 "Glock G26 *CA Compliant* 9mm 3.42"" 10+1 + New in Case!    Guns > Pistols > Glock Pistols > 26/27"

==

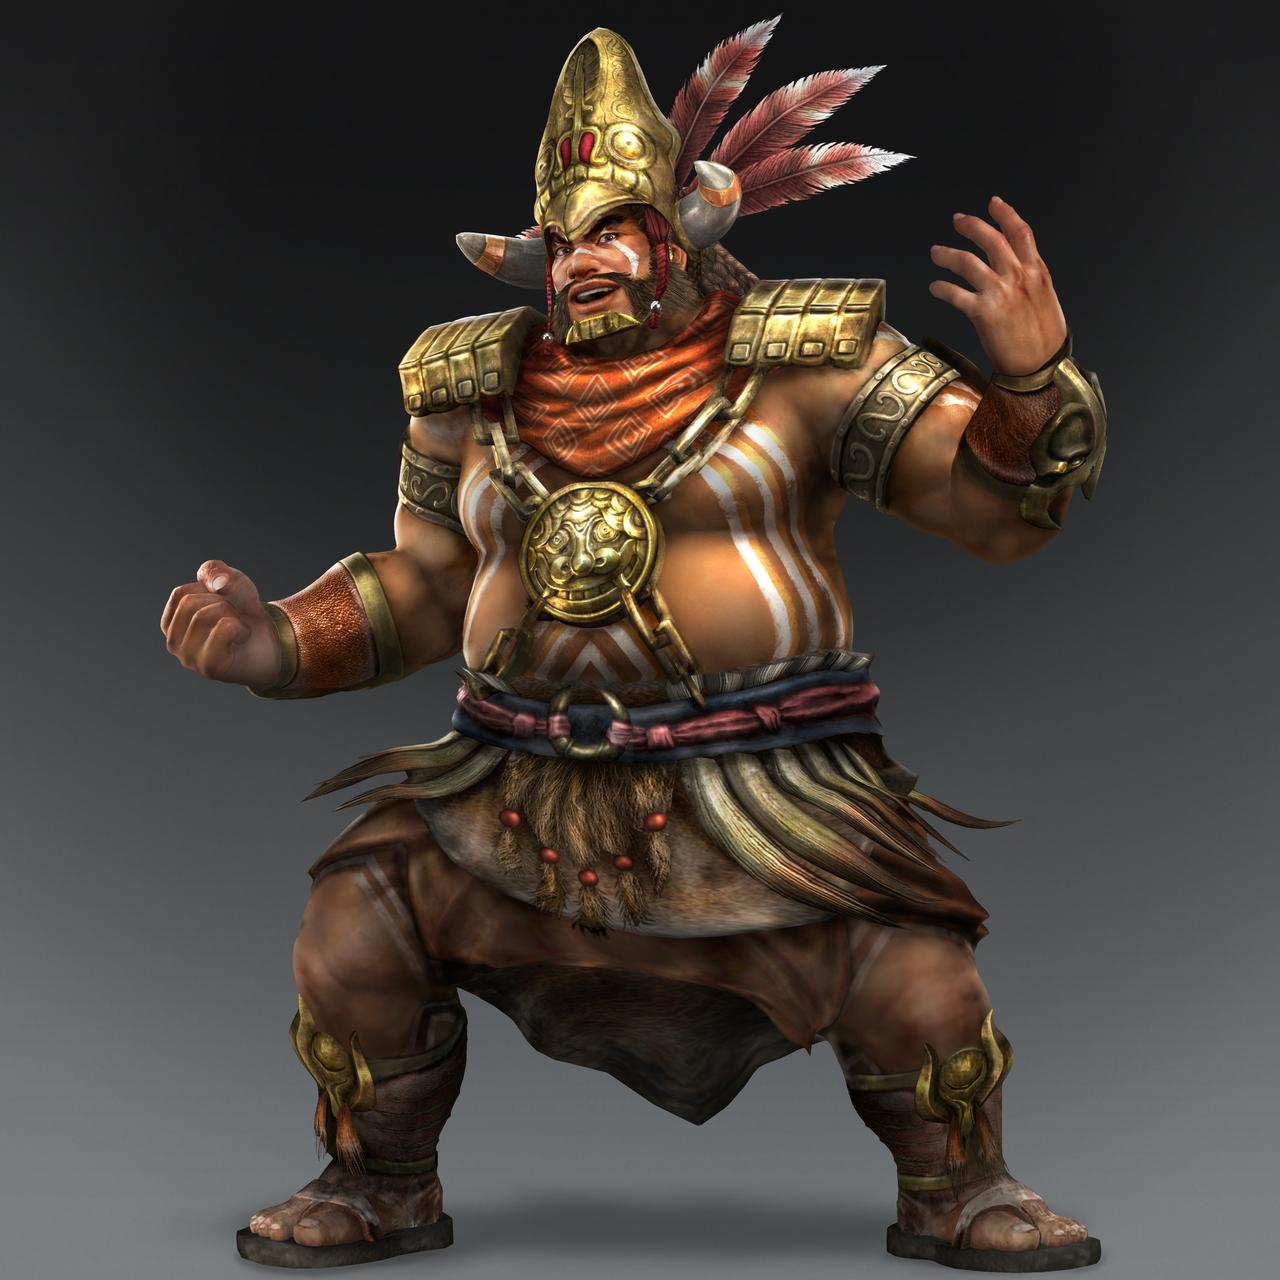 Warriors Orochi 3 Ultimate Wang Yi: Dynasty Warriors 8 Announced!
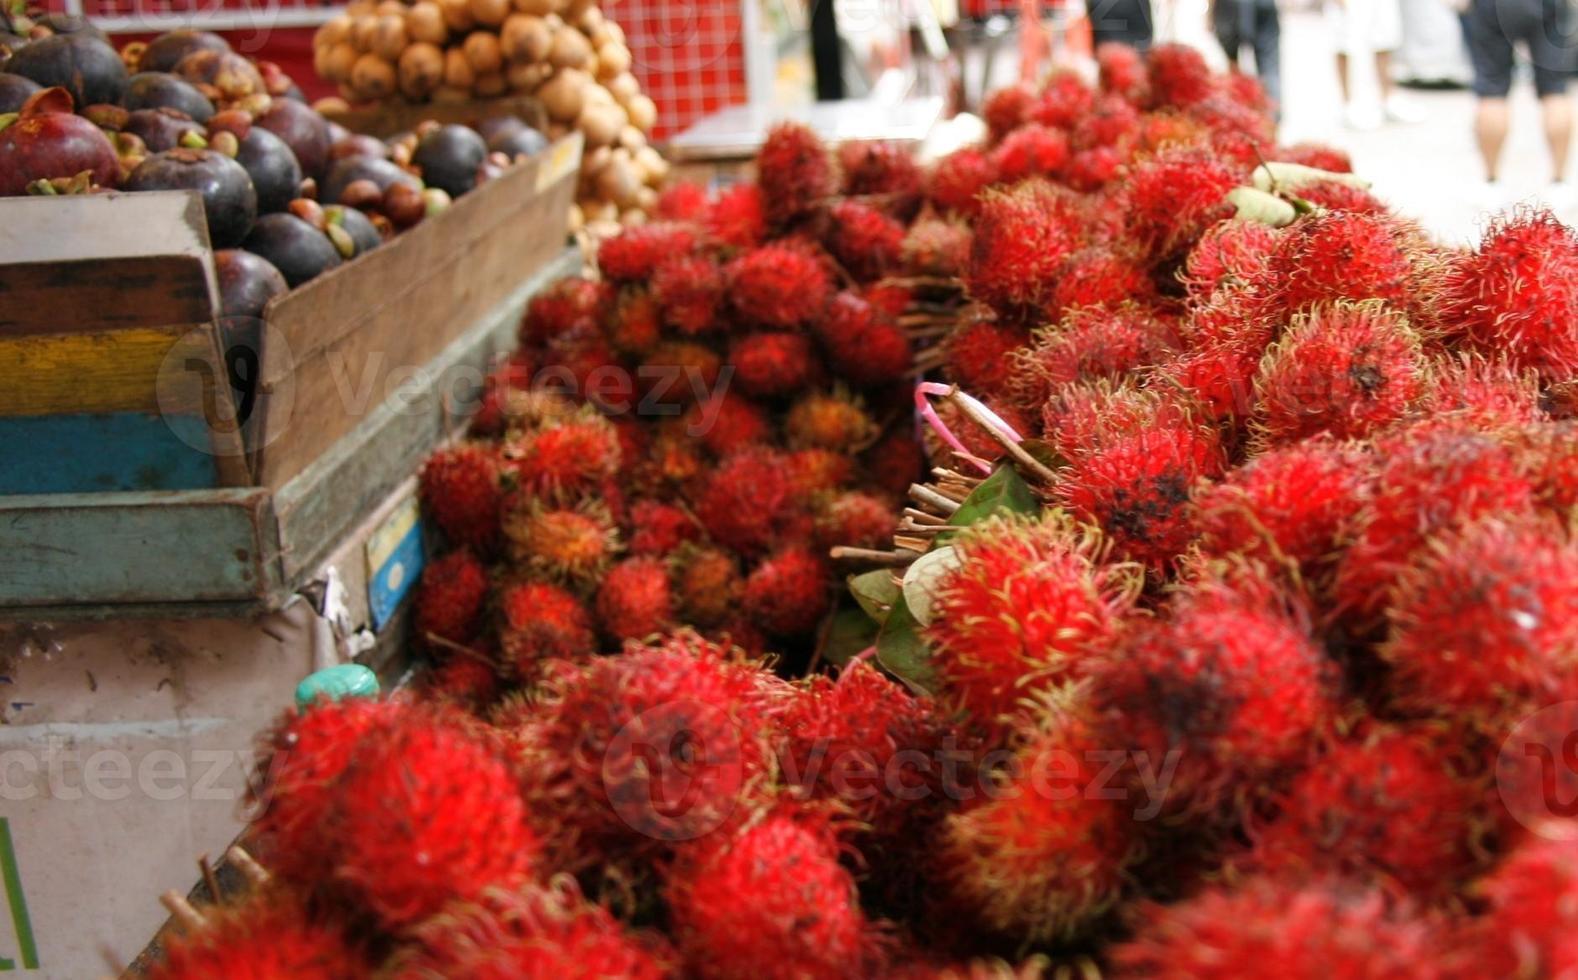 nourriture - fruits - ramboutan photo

...

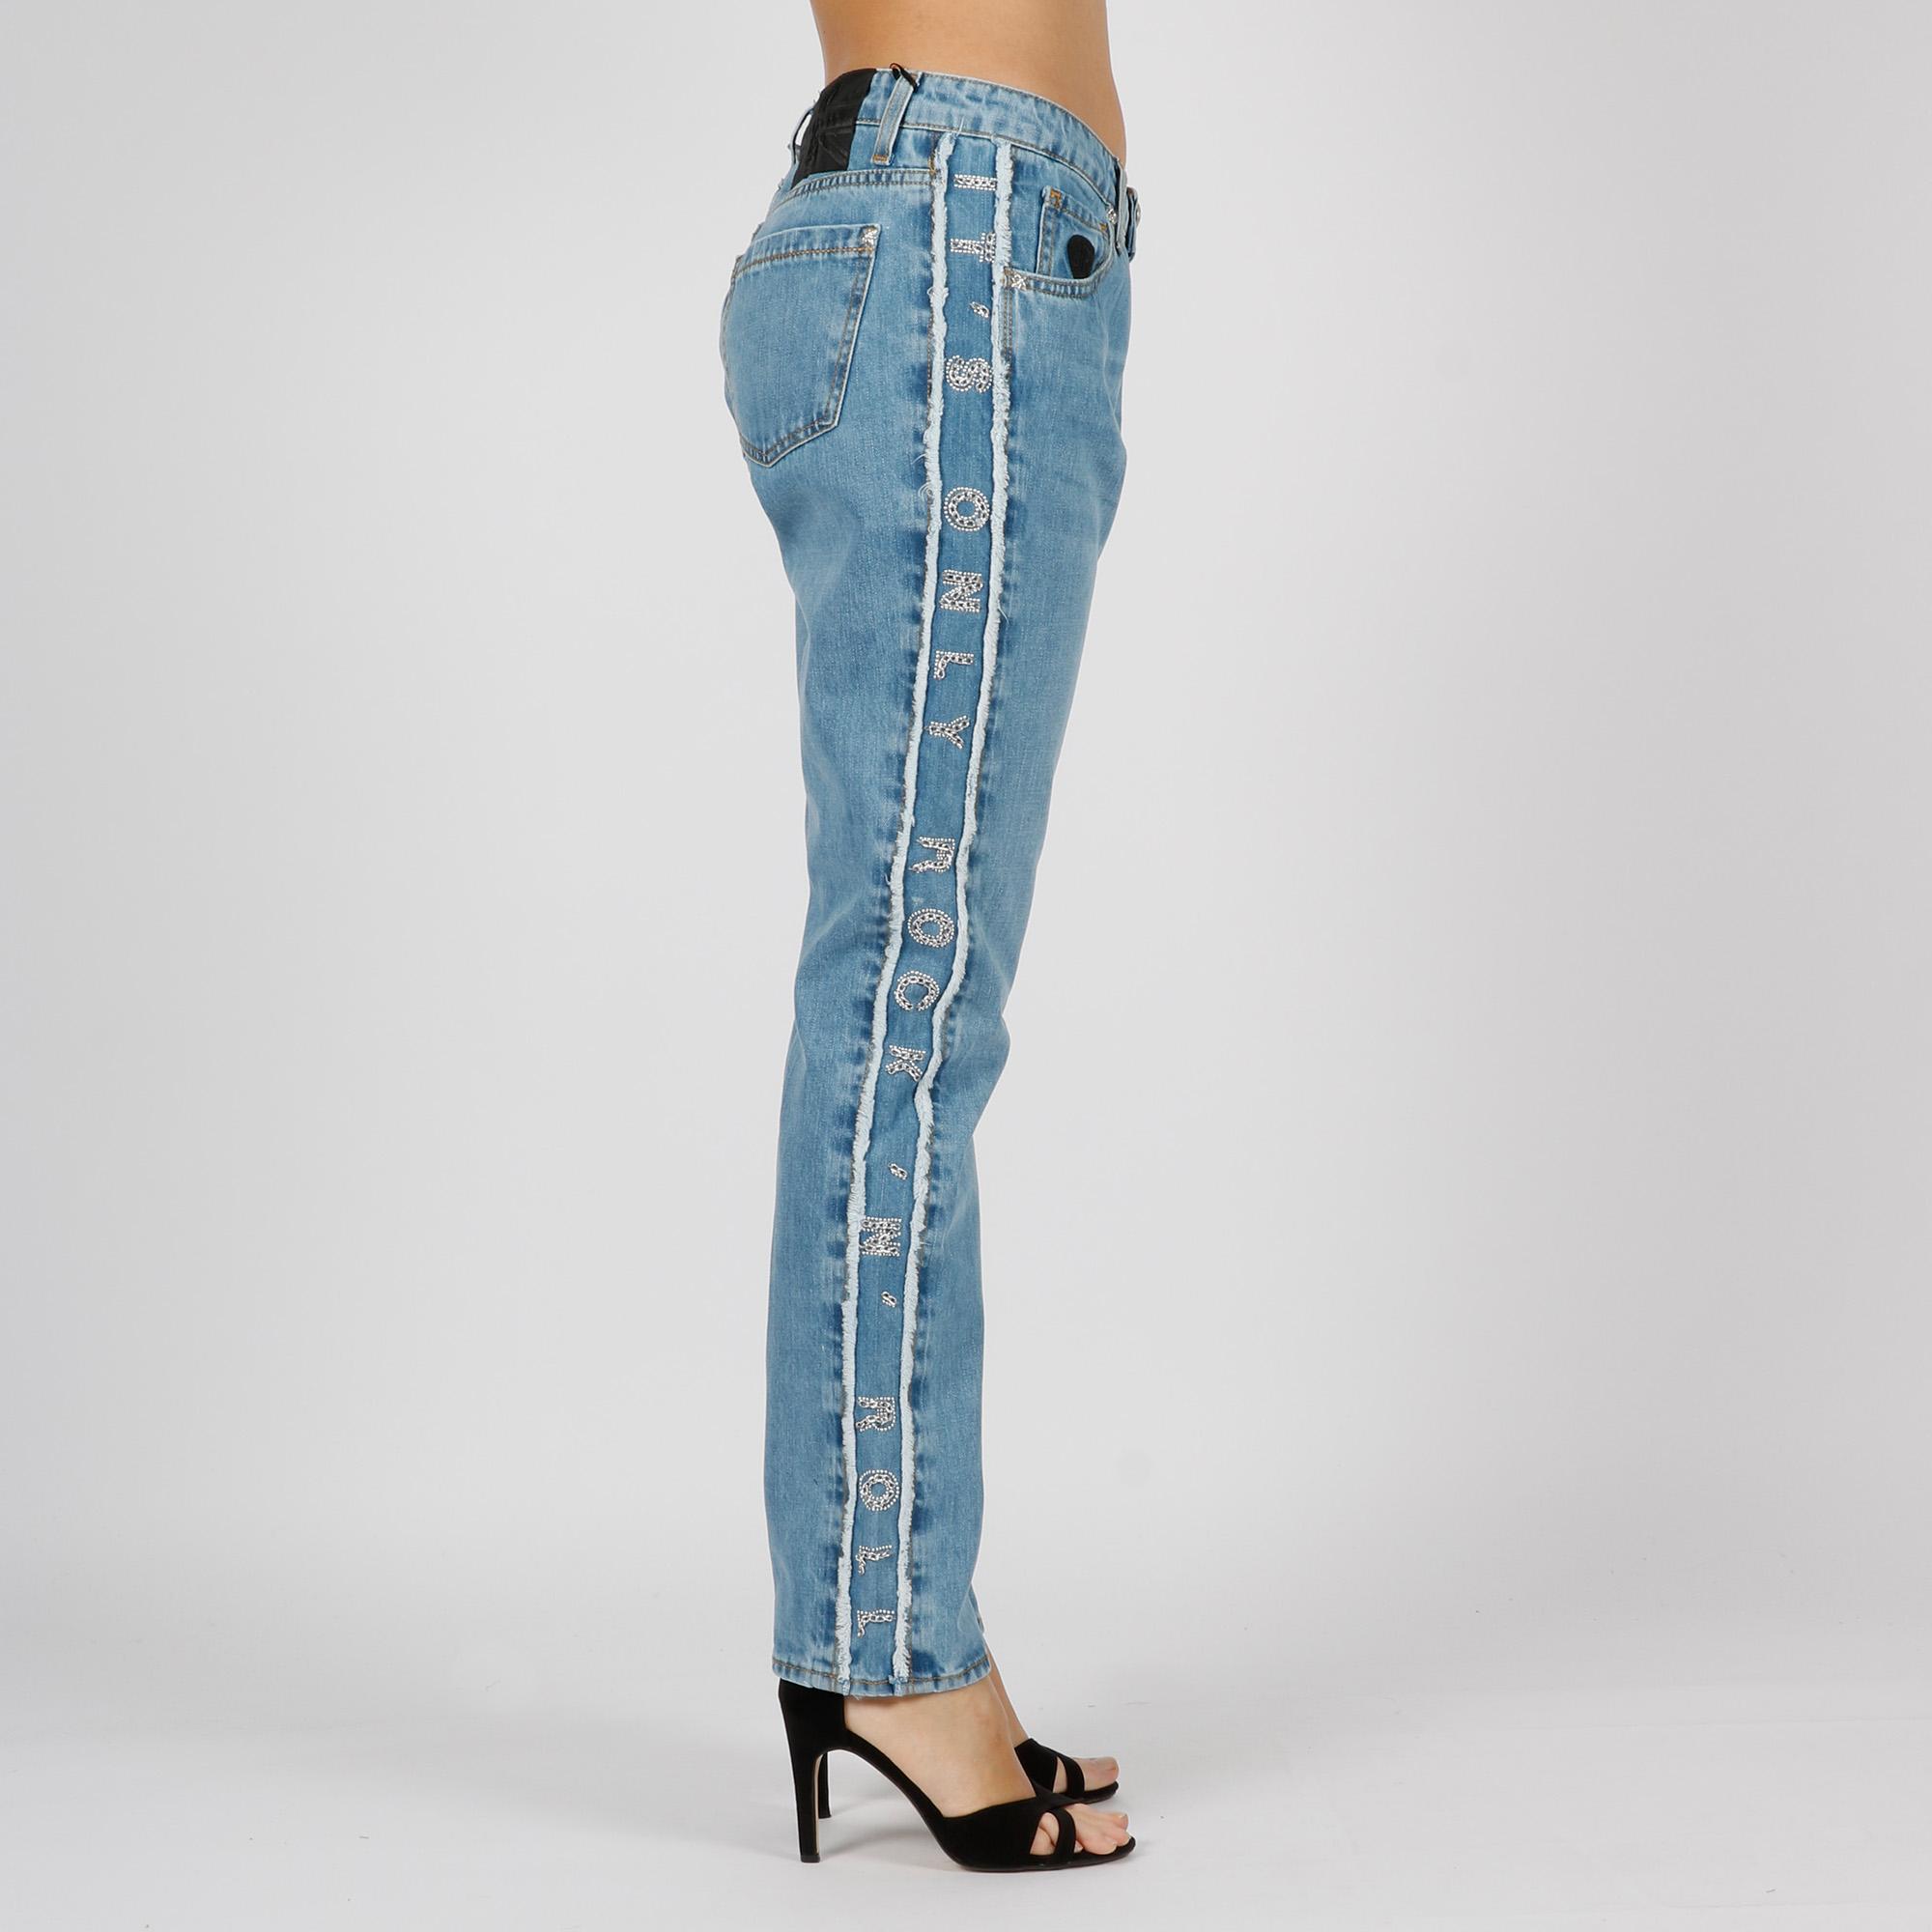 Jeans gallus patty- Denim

▶ WHAT YOU HAVE TO DO:
Your answer is the exact run of lines above from the one with "Warriors Orochi 3" through the one with "nourriture - fruits - ramboutan photo", both ends included, minus any picture.

▶ WRITTEN SOLUTION:
 Warriors Orochi 3 Ultimate Wang Yi: Dynasty Warriors 8 Announced!
 nourriture - fruits - ramboutan photo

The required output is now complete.